A livello formale, i due brani presentano strategie argomentative simili. Sia Seneca sia Plutarco,
infatti, ricorrono a similitudini e metafore a supporto dei consigli che propongono. La principale
similitudine in comune ai due brani è l’accostamento dell’ira a una malattia, e in particolare
all’epilessia. Seneca ricorre anche a un’altra similitudine, quella tra passioni intense come l’ira e
l’amore, ed eventi atmosferici estremi, come le «procelle».
Un’altra similitudine particolarmente significativa si trova in Plutarco: quella dell’ira come tiranno,
al quale occorre disobbedire. Questa similitudine personifica il sentimento dell’ira, così come la
personifica l’invito di Seneca, in chiusura di brano, a trarla in inganno.
Anche il linguaggio dell’esortazione è presente in entrambi i brani. Seneca ricorre a espressioni che
esprimono urgenza e necessità, ma anche incoraggiamento («La cosa migliore... è», «è facile»,
prodest, oportet, «non conviene», «bisogna»); a congiuntivi esortativi alla prima persona plurale,
che associano tra loro autore e destinatario (videamus); a domande retoriche («Non vuoi essere
irascibile?»); a inviti rivolti direttamente al lettore («non esser curioso»). Plutarco utilizza invece
soprattutto consigli in negativo («non obbedirle», «non prestarle ascolto», «non inasprire la
passione») e raccomanda in generale un atteggiamento passivo, improntato a un’ideale di serenità e
autocontrollo, esemplificati dall’immagine metaforica della nave che getta l’ancora «in acque
tranquille».
Per quanto riguarda il lessico, infine, in Seneca è notevole il ricorso al lessico della medicina
(vitium comitiale, valetudo nel senso di «malessere», causa nel senso di «malattia», medicina),
mentre in Plutarco sono presenti diversi termini che rientrano nell’ambito semantico della
tranquillità e dell’isolamento («rimanere tranquilli», «rimanere impassibili», «fuggire»,
«nascondersi», «acque tranquille»).

3. Approfondimento e riflessioni personali

Si può dire che l’ira è il sentimento sotto il segno del quale ha inizio l’intera letteratura occidentale.

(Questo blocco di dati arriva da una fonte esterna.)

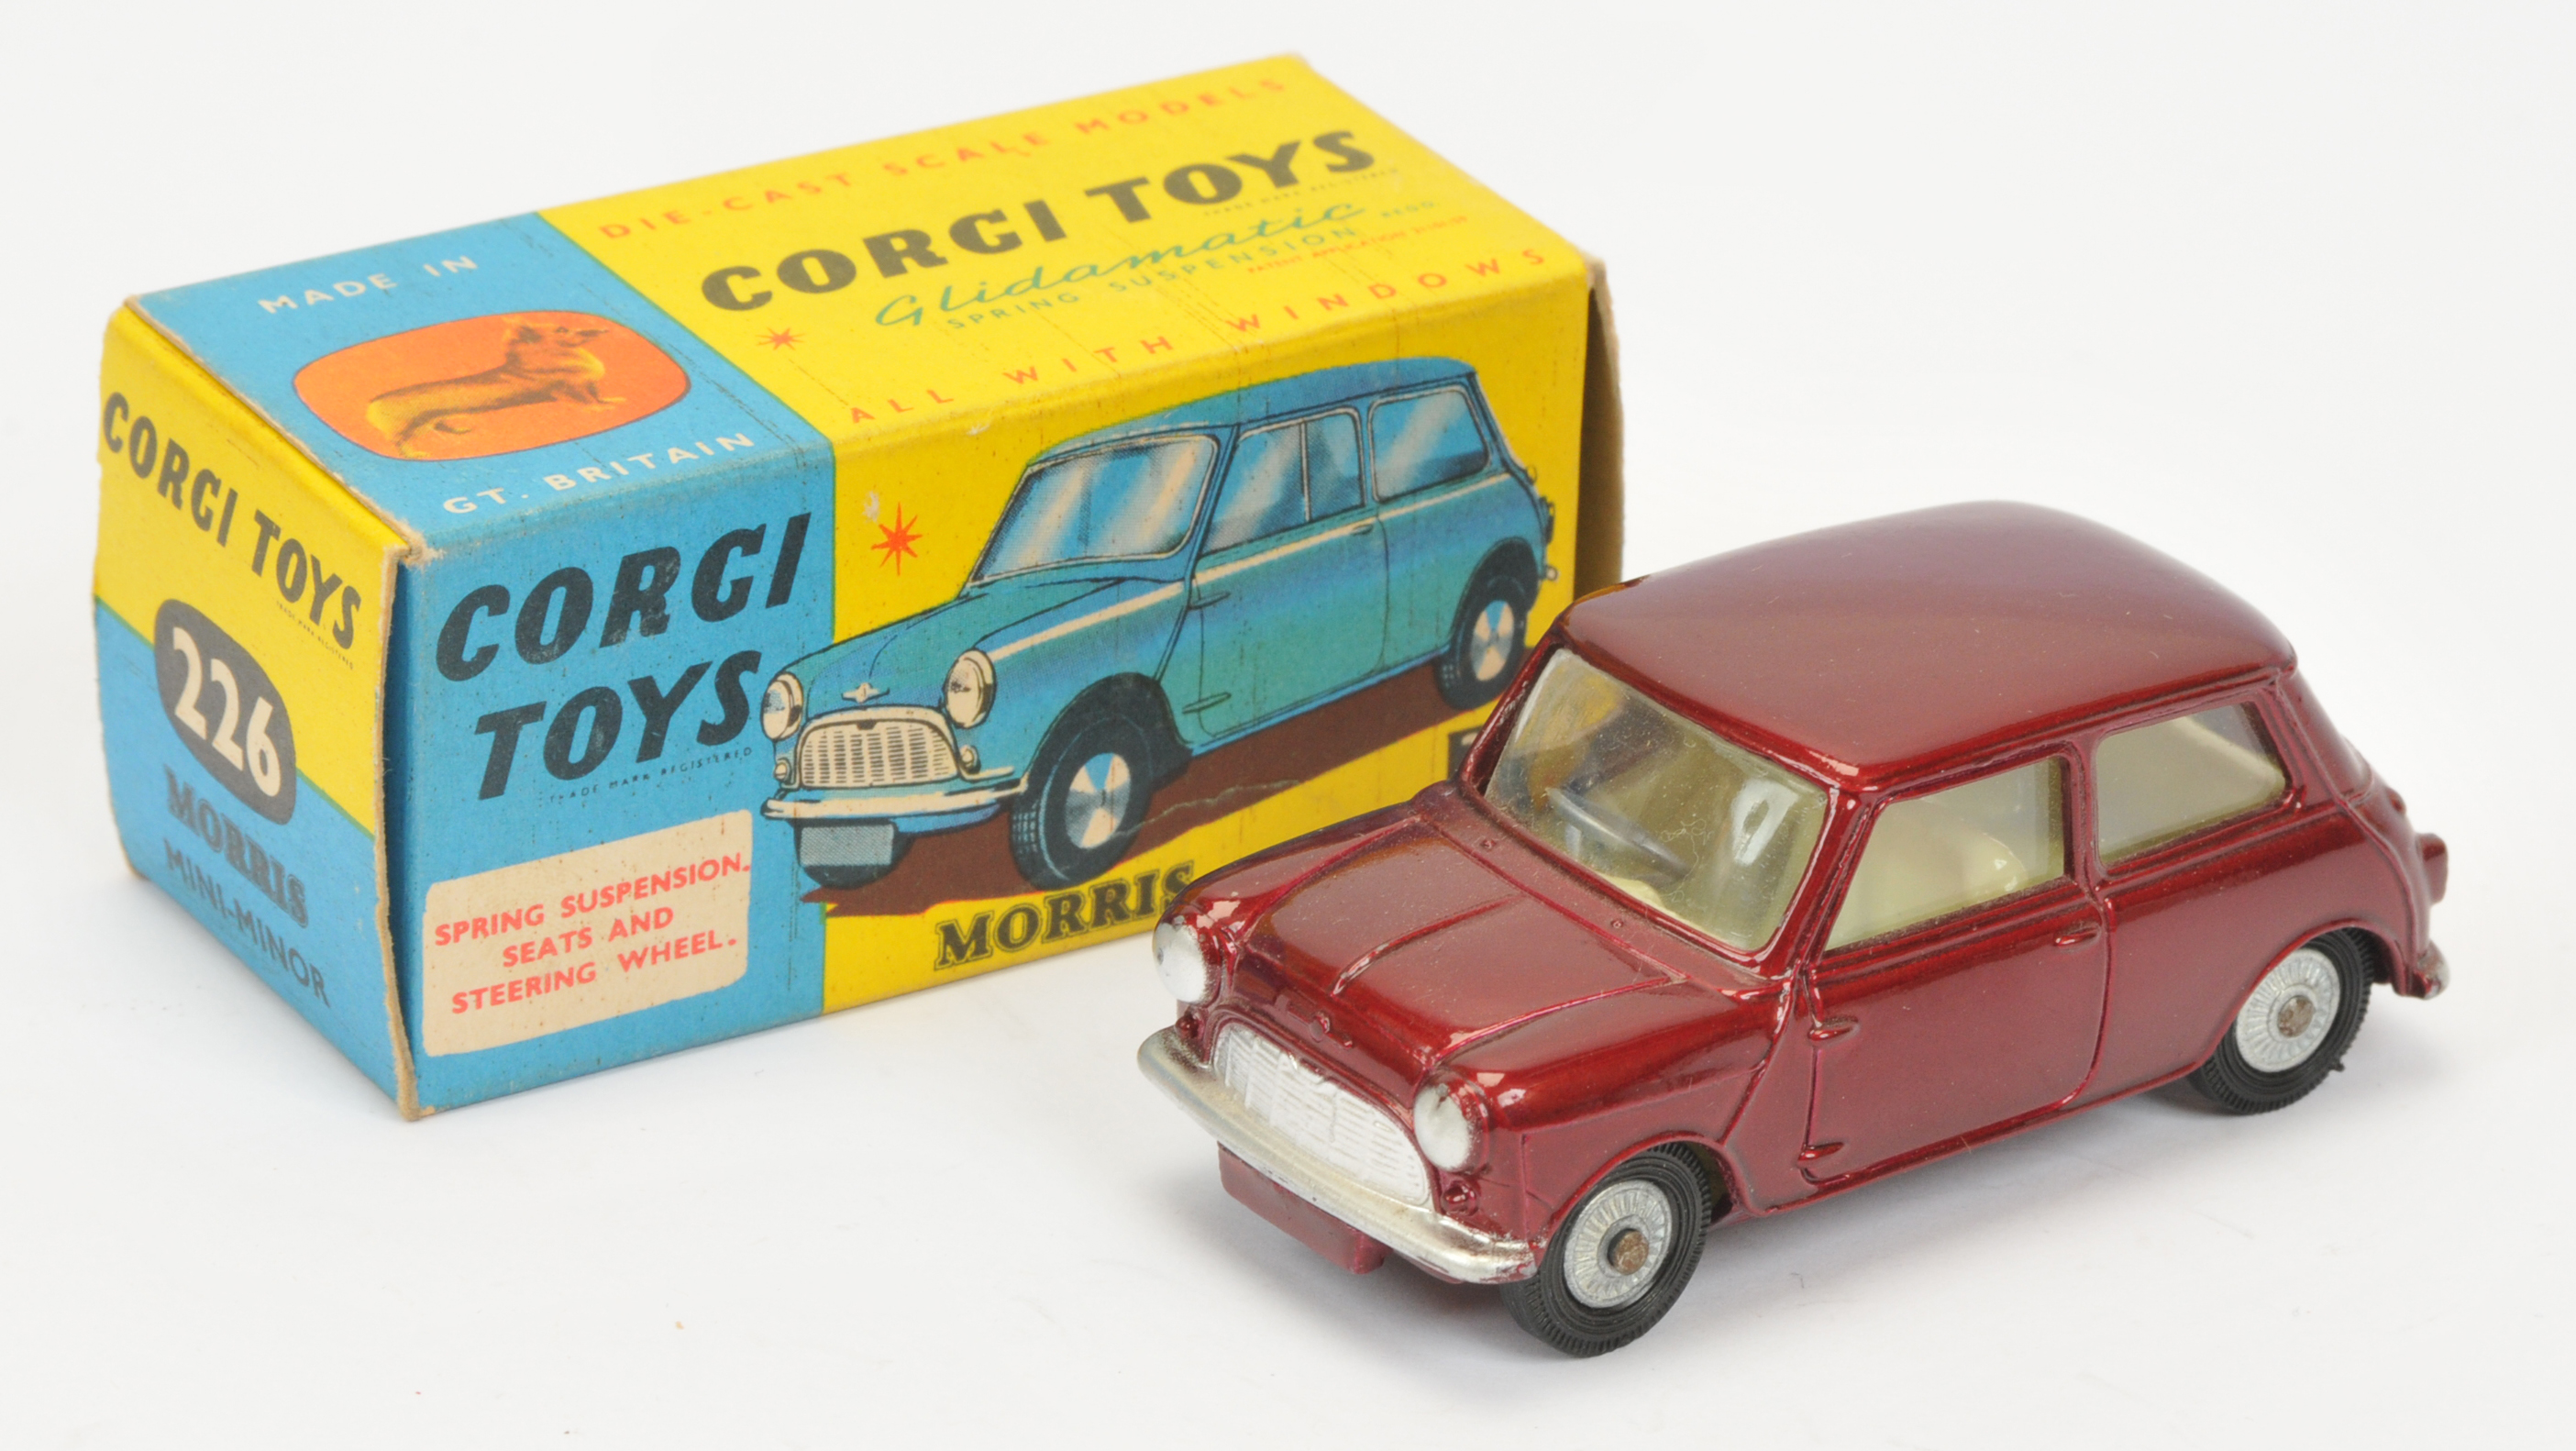 Corgi Toys 226 Morris Mini Minor - Metallic maroon, lemon interior, silver trim and cast hubs

L’Iliade, il primo grande poema della grecità, si apre infatti proprio con la menis di Achille, l’ira
funesta dell’eroe colpito nell’onore. Prima che l’ira venisse riconosciuta, dal pensiero filosofico
ellenistico a cui si rifanno sia Seneca sia Plutarco, come la passione antisociale per eccellenza,
presso la civiltà di vergogna raffigurata nel poema omerico essa rappresentava invece una delle
componenti principali, l’espressione del giusto risentimento dell’eroe o del dio che è stato privato di
ciò che gli è dovuto.
L’idea di un’ira che miri a vendicare un affronto subito o a punire un’ingiustizia, ricorre, non senza
aspetti ambigui, anche in chiusura dell’altro grande poema della classicità greco-latina, l’Eneide di
Virgilio. Il duello finale tra Enea e l’antagonista Turno si conclude con lo scatto d’ira dell’eroe
troiano alla vista del balteo sottratto come trofeo dal suo avversario al giovane Pallante. Pur essendo
il campione della pietas, modello di sopportazione di ogni prova in vista della missione divina di
cui è investito, anche Enea alla fine mostra il suo lato più umano, più influenzabile da una passione
violenta come l’ira, e uccide senza pietà un Turno ormai sconfitto e supplice. Il giudizio di Virgilio
resta in sospeso: quello di Enea è un atto di giusta vendetta per la tracotanza dimostrata da Turno
nel duello contro Pallante, oppure un atto a sua volta di sopraffazione, che ignora quella virtù della
clementia, della tolleranza verso il nemico sconfitto, che era stata al centro della propaganda di
Giulio Cesare prima e del suo erede Ottaviano poi?